Background: A-kinase-anchoring protein 9 (AKAP9) mediates the phosphorylation state of the slowly activating delayed rectifier IKs potassium channel. In 2007, our heterologous expression data supported AKAP9-S1570L as a long QT syndrome (LQTS)-causative mutation and AKAP9 as a LQTS-susceptibility gene. However, AKAP9 has been demoted recently by the Clinical Genome Resource (ClinGen) group to a “limited evidence” gene for LQTS.
Objective: To characterize a patient-derived induced pluripotent stem cell-derived cardiomyocyte (iPSC-CM) AKAP9-S1570L model and its “gene-corrected” isogenic control.
Methods: AKAP9-S1570L iPSC-CMs were generated from a 44-year-old female (QTc > 485 ms) with a history of syncope, high burden of premature ventricular contractions, and mild left ventricular enlargement. An isogenic iPSC “gene-corrected” control line was created using CRISPR/Cas9. Patch-clamp technique was used to measure action potential duration (APD) at 1 Hz pacing rate before/after IKs activator (ML277), isoproterenol (iso), and membrane permeable cAMP plus okadaic acid (cAMP+OA).
Results: APD50 and APD90 were prolonged significantly by 36.2% and 32.8% respectively from 335.4±14.8 ms and 413.3±16.1 ms (n=37, control) to 456.8±21.2 ms and 548.7±22.2 ms (n=27, AKAP9-S1570L, p<0.05 vs. control). 0.5 µM ML277 dramatically shortened APD90 by 72.9% and 63.3% respectively in both AKAP9-S1570L (n=10) and control iPSC-CMs (n=11, p<0.05 vs. before ML277). 100 nM Iso and cAMP+OA (50 µM+0.2 µM) also profoundly shortened APD90 by 44.9% and 57.5% (AKAP9-S1570L, n=8-9, p<0.05 vs. before drugs), and 32.9% and 29.2% (control, n=9-11, p<0.05 vs. before drugs).

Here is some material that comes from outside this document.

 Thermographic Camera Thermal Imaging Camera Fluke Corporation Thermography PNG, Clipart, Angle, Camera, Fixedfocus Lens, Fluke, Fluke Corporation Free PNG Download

Conclusion: Using a patient’s variant-specific iPSC-CMs and her isogenic control lines, we demonstrate that the AKAP9-S1570L is the patient’s self-sufficient monogenetic substrate for her LQTS phenotype. However, AKAP9-S1570L iPSC-CMs were more sensitive than isogenic control iPSC-CMs to IKs activator, Iso and cAMP signal pathway regarding their APD shortening effects. In contrast to previous heterologous, non-cardiac expression studies focused only on the IKs potassium channel, the APD-prolonging effect of AKAP9-S1570L appears to be mediated through other ion channel final common pathways.